Shareholders’ General Meeting Board
The Shareholders’ General Meeting Board comprises a chairman and two secretaries, elected for three year terms of office by the Shareholders’ General Meeting and may be re-elected for one or more terms of office.
Article 10 of CaixaBI’s articles of association states that all shareholders with one thousand or more shares registered in their name in the company’s share ledgers are entitled to be present at Shareholders’ General Meetings, with each block of one thousand shares being entitled to one vote in accordance with no. 2 of article 14.
Shareholders with less than one thousand shares may form groups to make up this number and arrange to be represented by any group member, to be indicated in a letter to the chairman of the Shareholders’ General Meeting Board. In the case of the joint ownership of shares, only one of the owners may participate in Shareholders’ General Meetings, and must be given a power of attorney by the others.
Shareholders may arrange to be represented at Shareholders’ General Meetings by informing the chairman of the Shareholders’ General Meeting Board, by letter, prior to the meeting’s scheduled date. Shareholders who are singular persons may arrange to be represented by other shareholders or other lawfully entitled persons. Collective persons shall be represented by the person nominated for the purpose in question.
The chairman of the Shareholders’ General Meeting Board shall call an extraordinary Shareholders’ General Meeting whenever requested by shareholders with the minimum number of shares required by law and who request the meeting in a letter with notarised signature providing precise information on the issues to be included on the agenda and justifying the need for the meeting. A Shareholders’ General Meeting called at the request of shareholders shall only be held if applicants holding the minimum number of shares required to call the meeting are present.
There are no limitations on voting rights, nor does any shareholder enjoy special rights and there is no knowledge of any shareholders’ agreement.
Board of Directors
The Board of Directors comprises a minimum of three and a maximum of fifteen members elected for three year terms of office by the Shareholders’ General Meeting and may be re-elected one or more times. The Board of Directors shall choose its chairman and may, at its discretion, appoint one or more deputy chairmen from among its members.

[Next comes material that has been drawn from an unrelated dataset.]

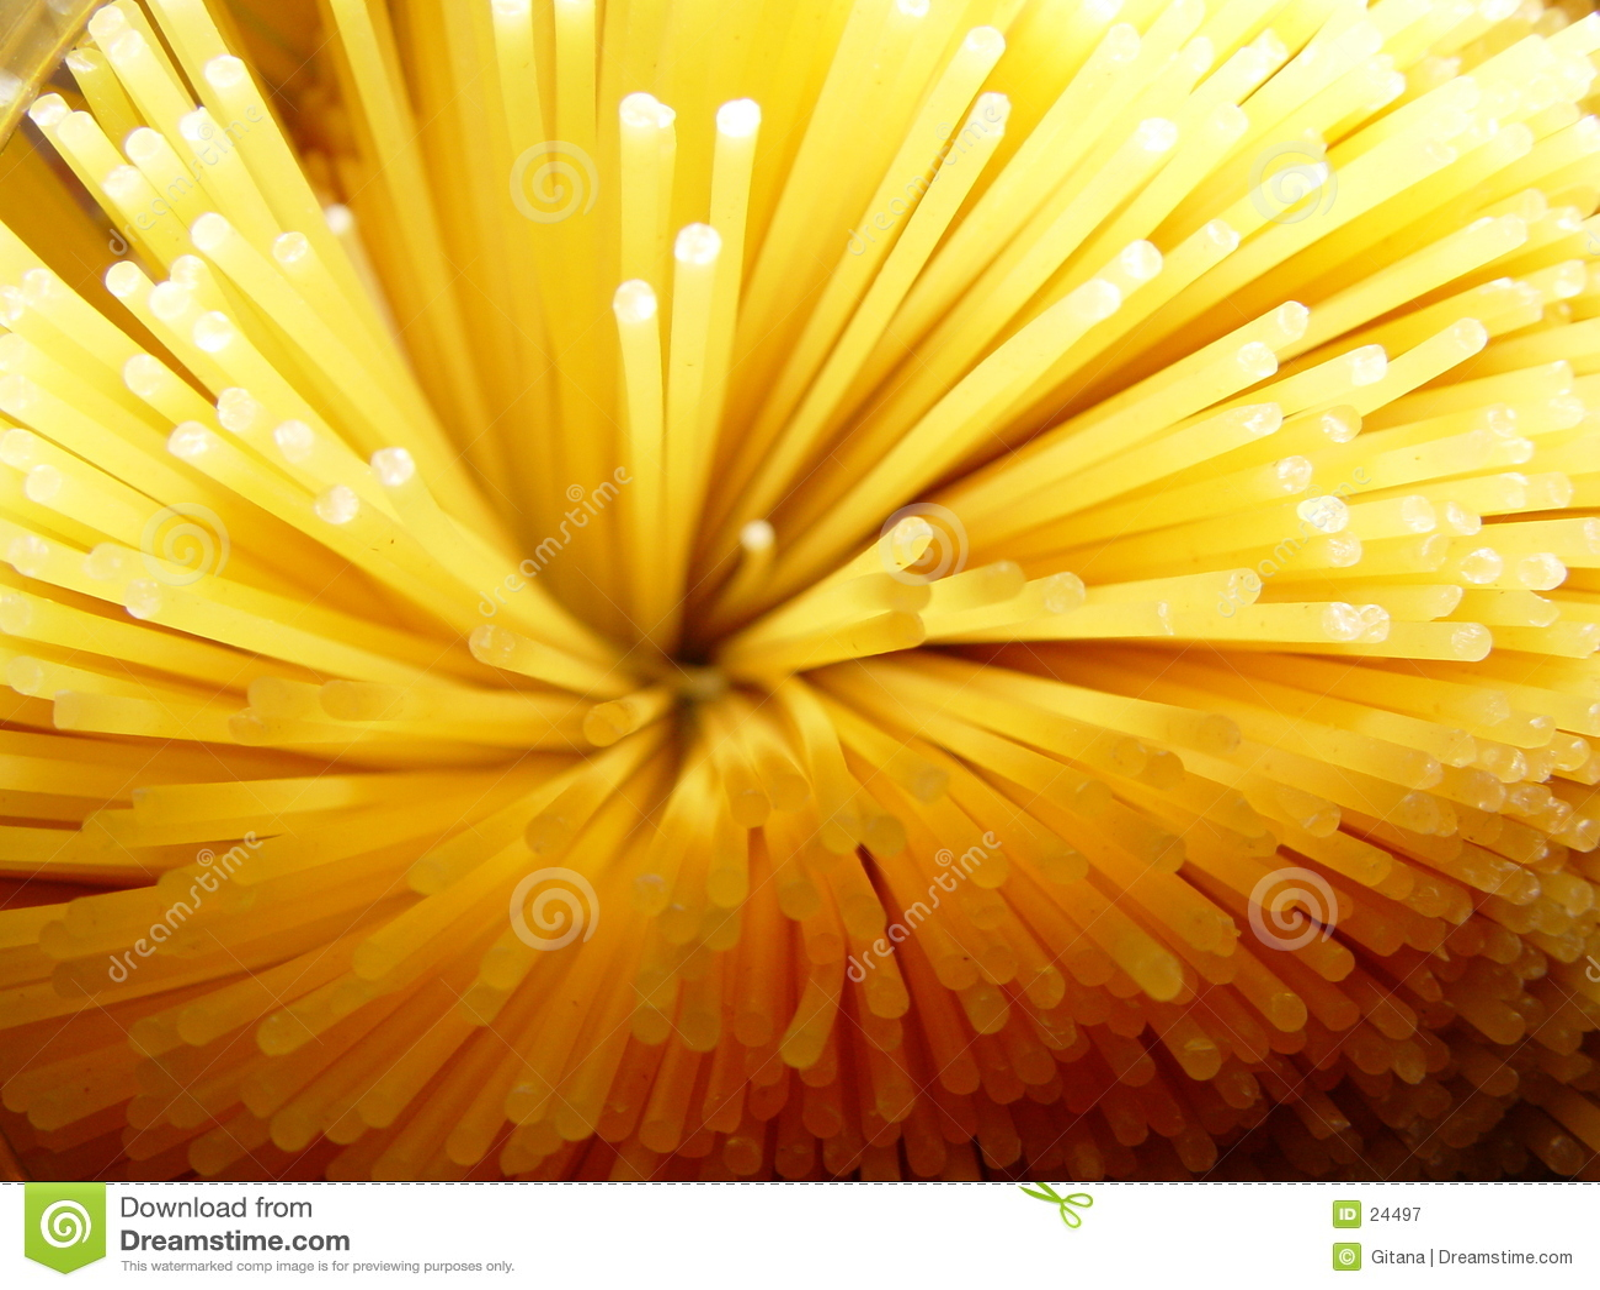 Detalles del espagueti
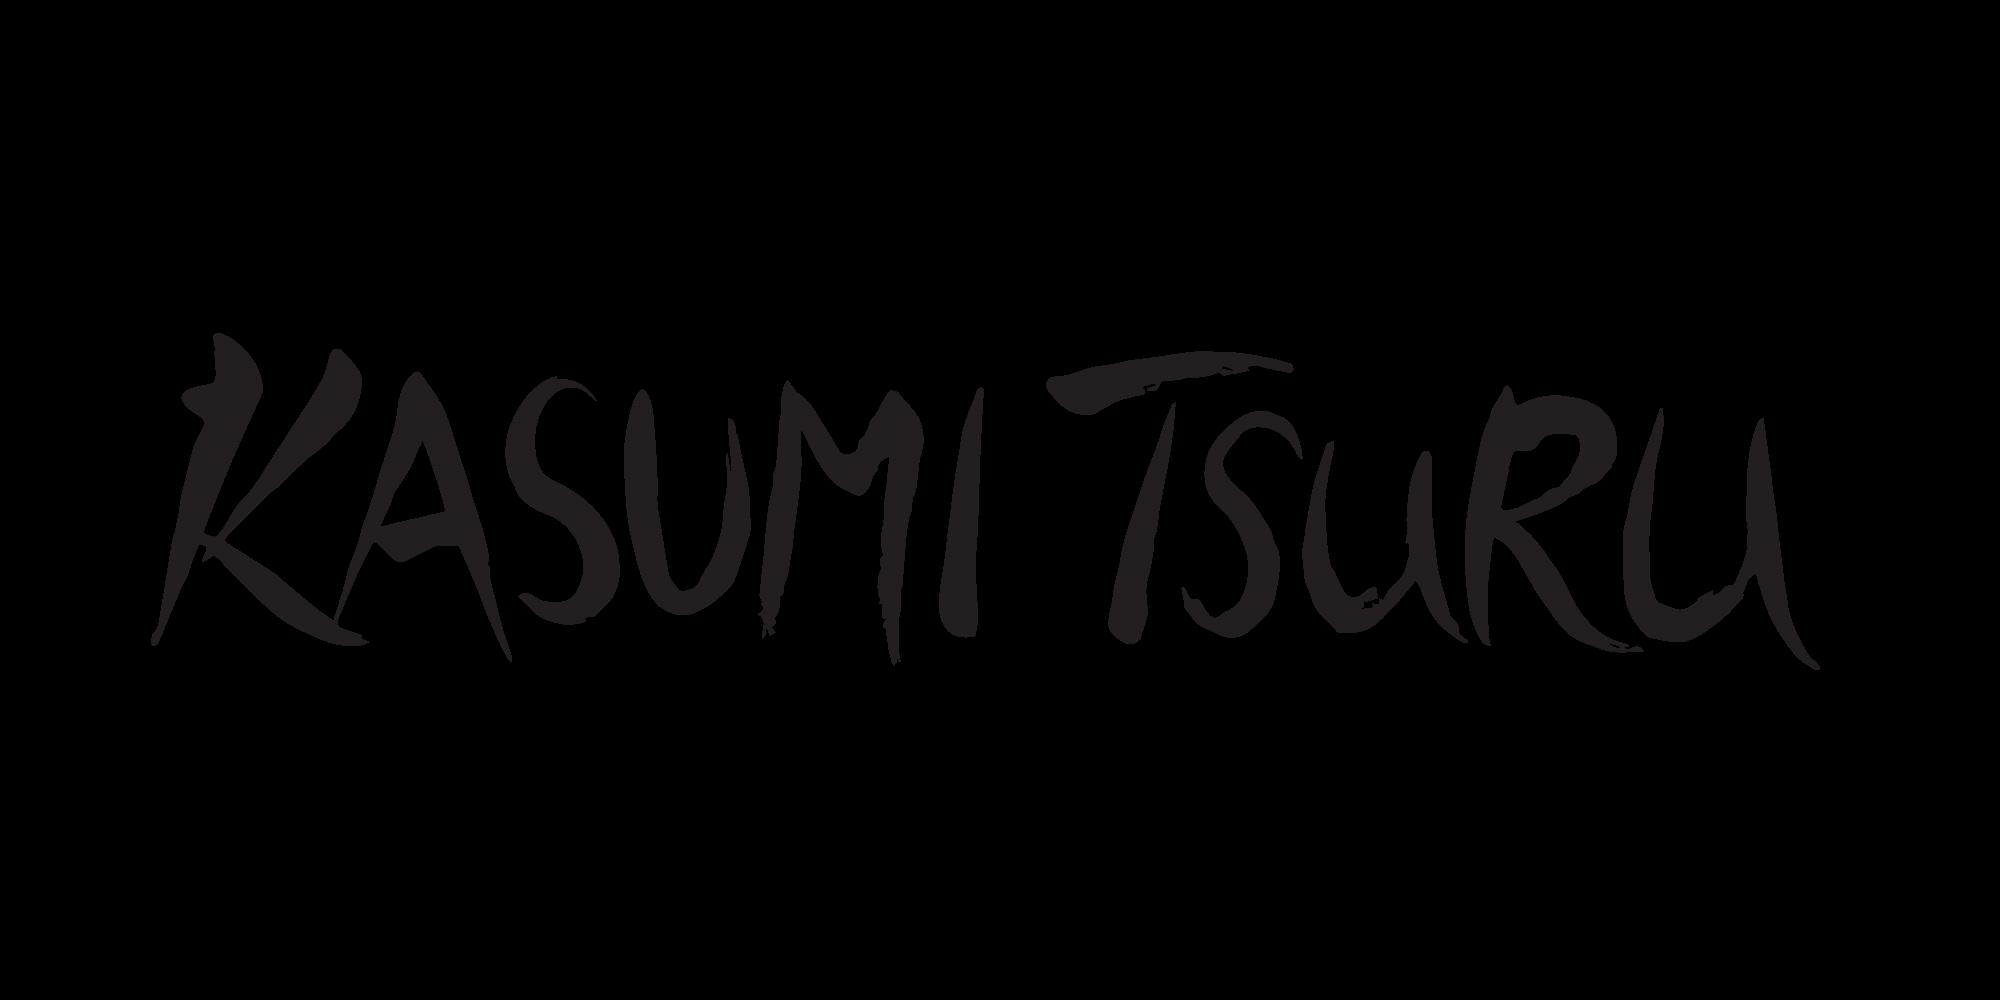 Black Kasumi Tsuru Logo

The Board of Directors is responsible for the company’s business affairs and meets whenever convened by its chairman and at least once every three months. The resolutions of the Board of Directors shall be passed by an absolute majority of the votes cast by the members present or represented, with the Chairman having the casting vote in the event of a tie. Board of Directors’ resolutions are only valid when more than half of its members are present or represented.
In statutory terms, the Board of Directors delegates the authority to manage the company’s day-to-day affairs to the Executive Committee giving it (without prejudice to the faculty of taking upon itself any of the respective competencies) the authority necessary to make decisions on all issues related to the Bank’s performance of its activity, with the exception of those issues which cannot be delegated under no. 4 of article 407 of the Commercial Companies Code.
The Supervisory Board is responsible for supervising the company. It meets and establishes the contacts considered adequate for collecting all and any pertinent information on the Bank and other companies included in the consolidation and also acts as the liaison between CaixaBI and the external auditor.
The Supervisory Board is made up of three permanent and one deputy member and performs its duties as set out by law. It is elected every three years by the Shareholders’ General Meeting, which also appoints its respective chairman. Members are lawfully entitled to be re-elected.
The members of the Supervisory Board are not affected by the incompatibilities referred to in article 414-A of the Commercial Companies’ Code and are mainly independent professionals in conformity with the recommendation set out in the Bank of Portugal’s Circular Letter 24/2009/DSB and article 414 nos. 5 and 6 of the Commercial Companies’ Code.
The Statutory Auditor is elected every three years by the Shareholders’ General Meeting with the competencies defined by law. There is a deputy statutory auditor.